**What is needed**
Write out again the lines from the line with "LANTI POUX Lotion" up to and including the line with "Mr. Pen- Mini", exactly as they stand below, and skip any picture.

**Input data**
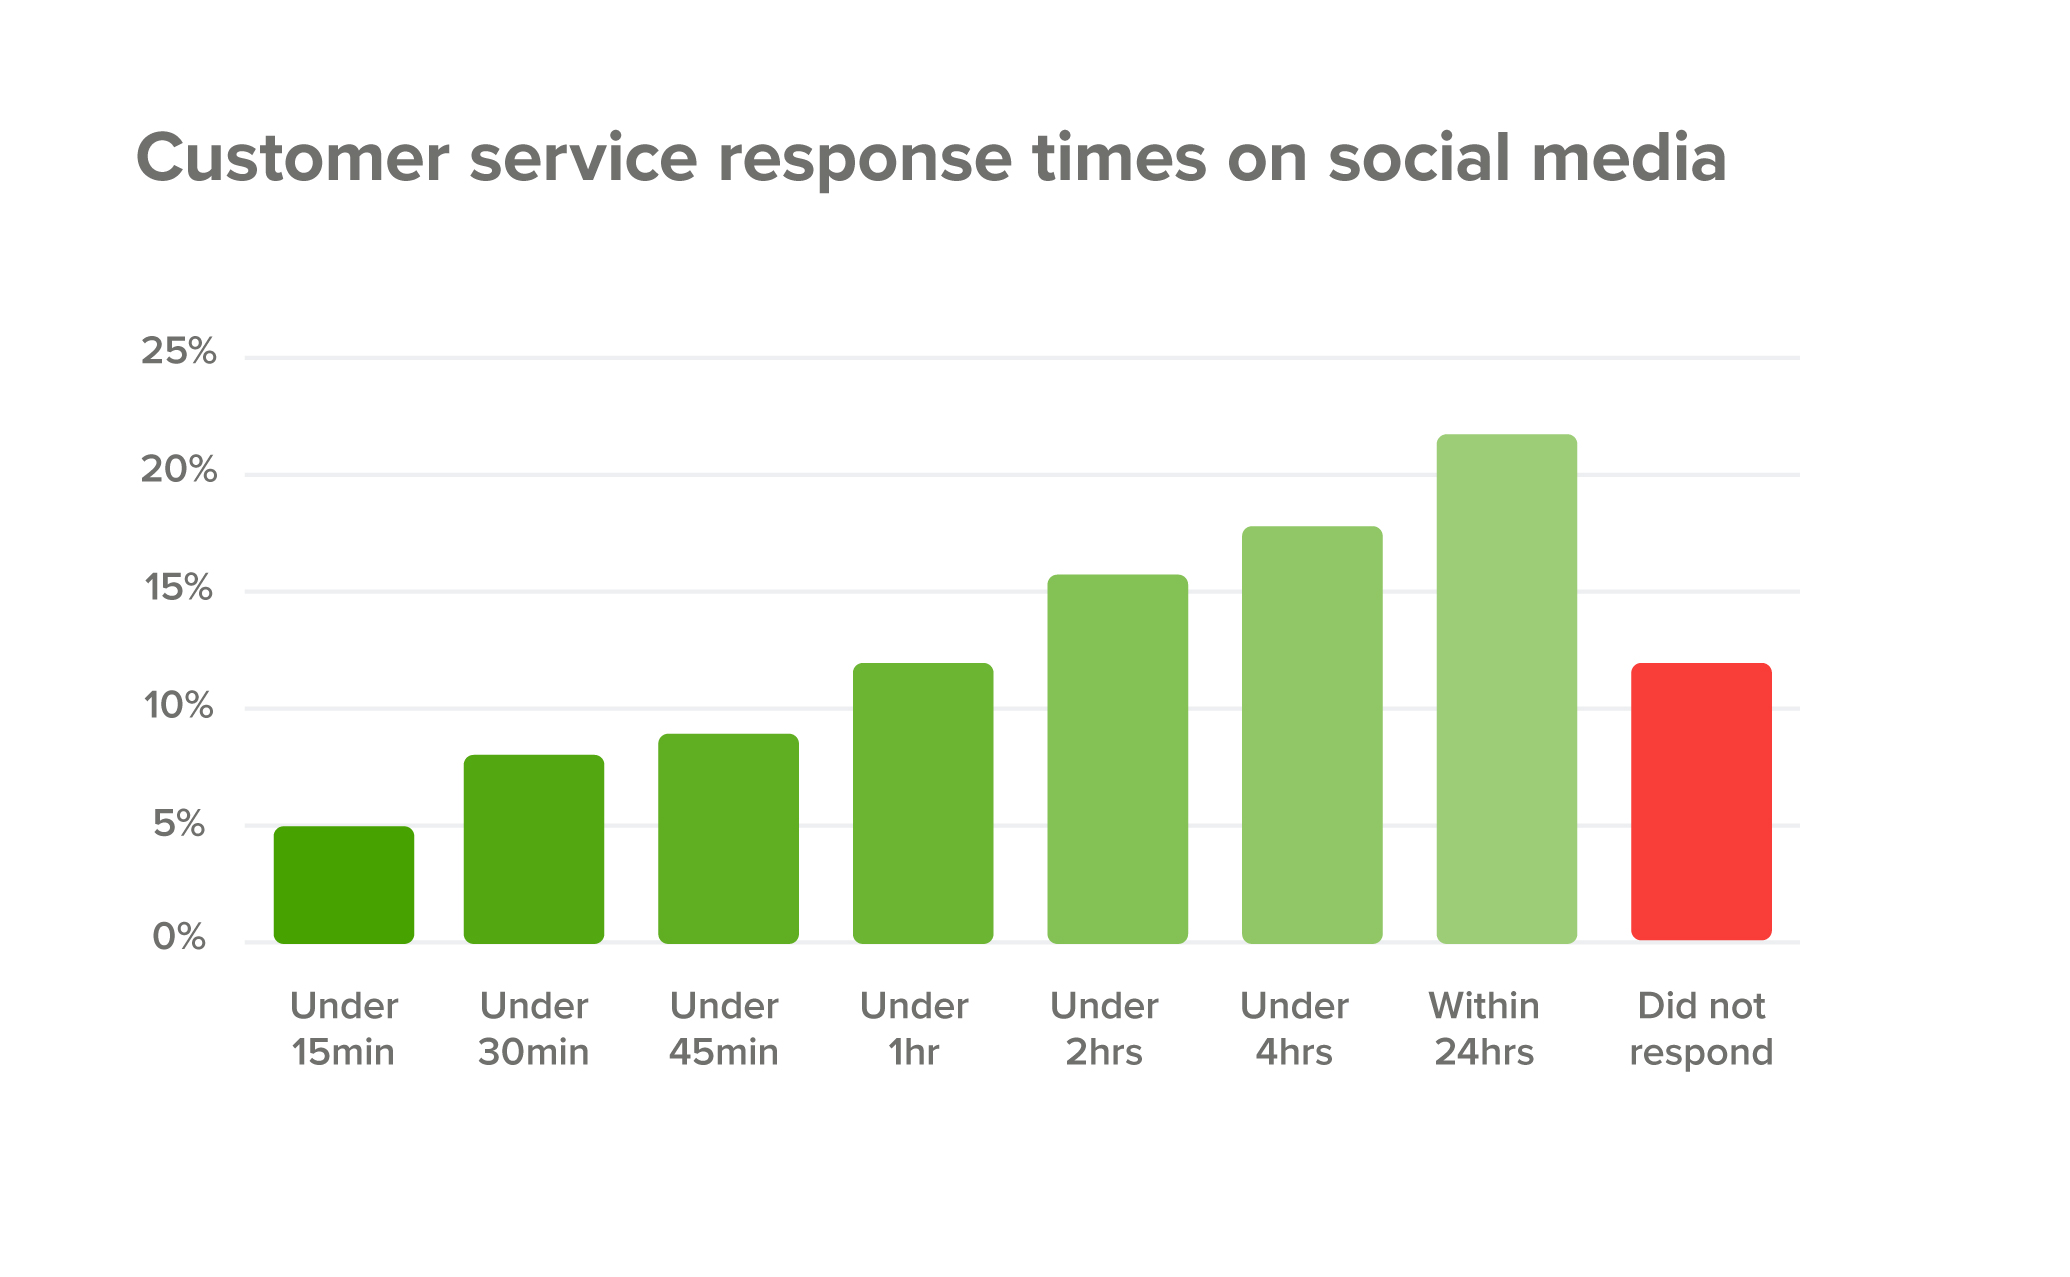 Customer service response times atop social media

...

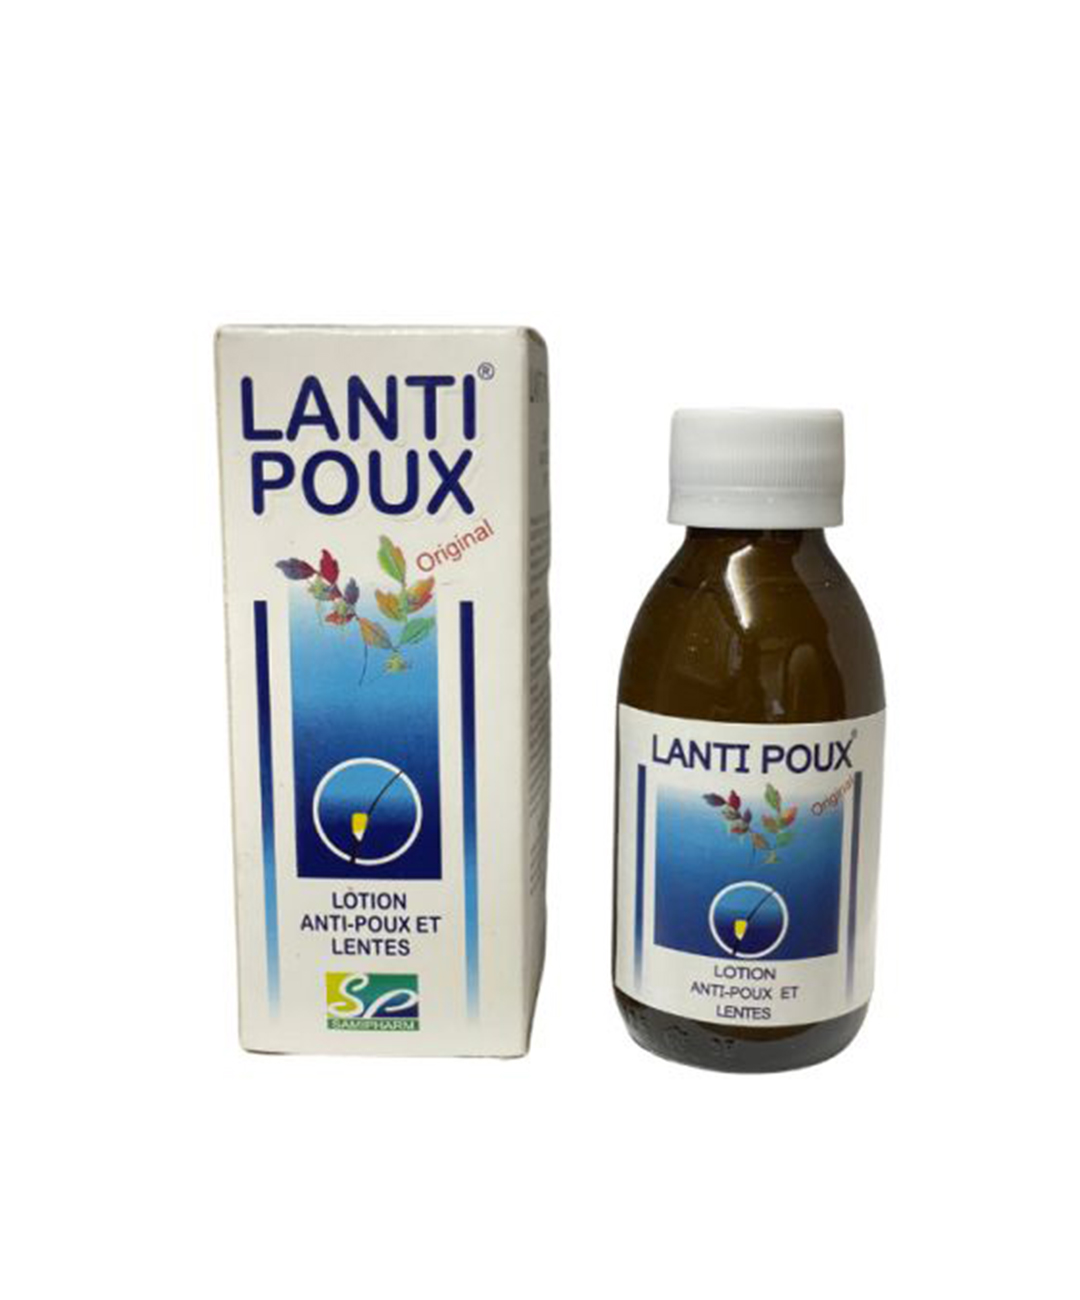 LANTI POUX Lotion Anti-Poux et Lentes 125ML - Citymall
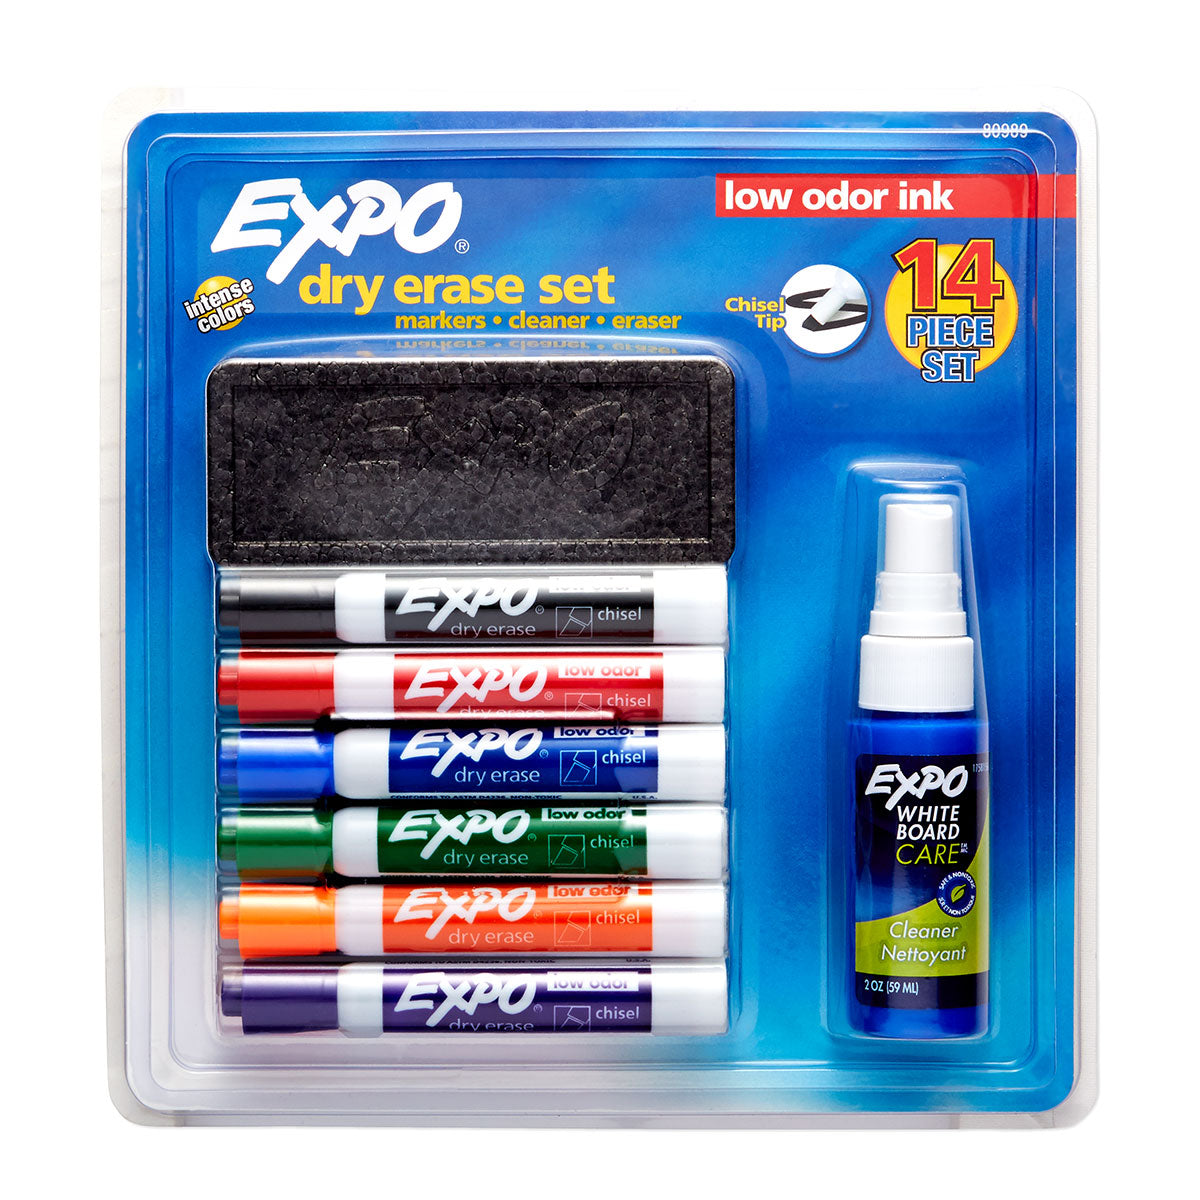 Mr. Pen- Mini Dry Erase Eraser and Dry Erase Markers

--

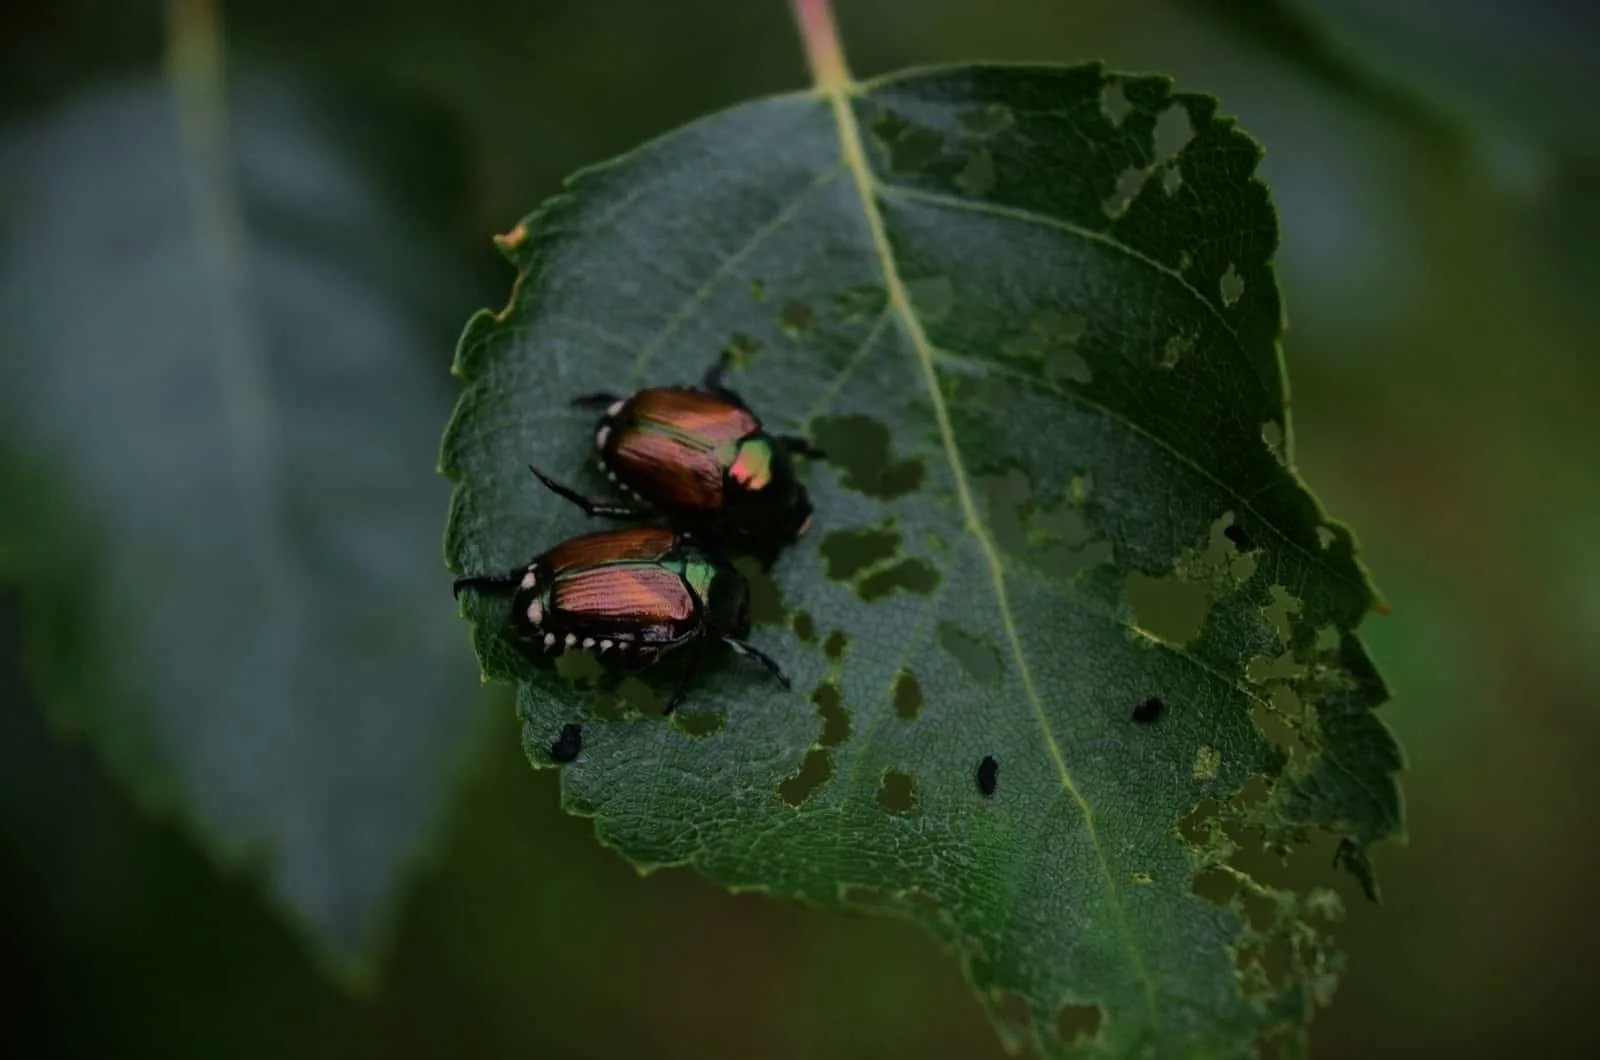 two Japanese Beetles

**Answer section**
 LANTI POUX Lotion Anti-Poux et Lentes 125ML - Citymall
 Mr. Pen- Mini Dry Erase Eraser and Dry Erase Markers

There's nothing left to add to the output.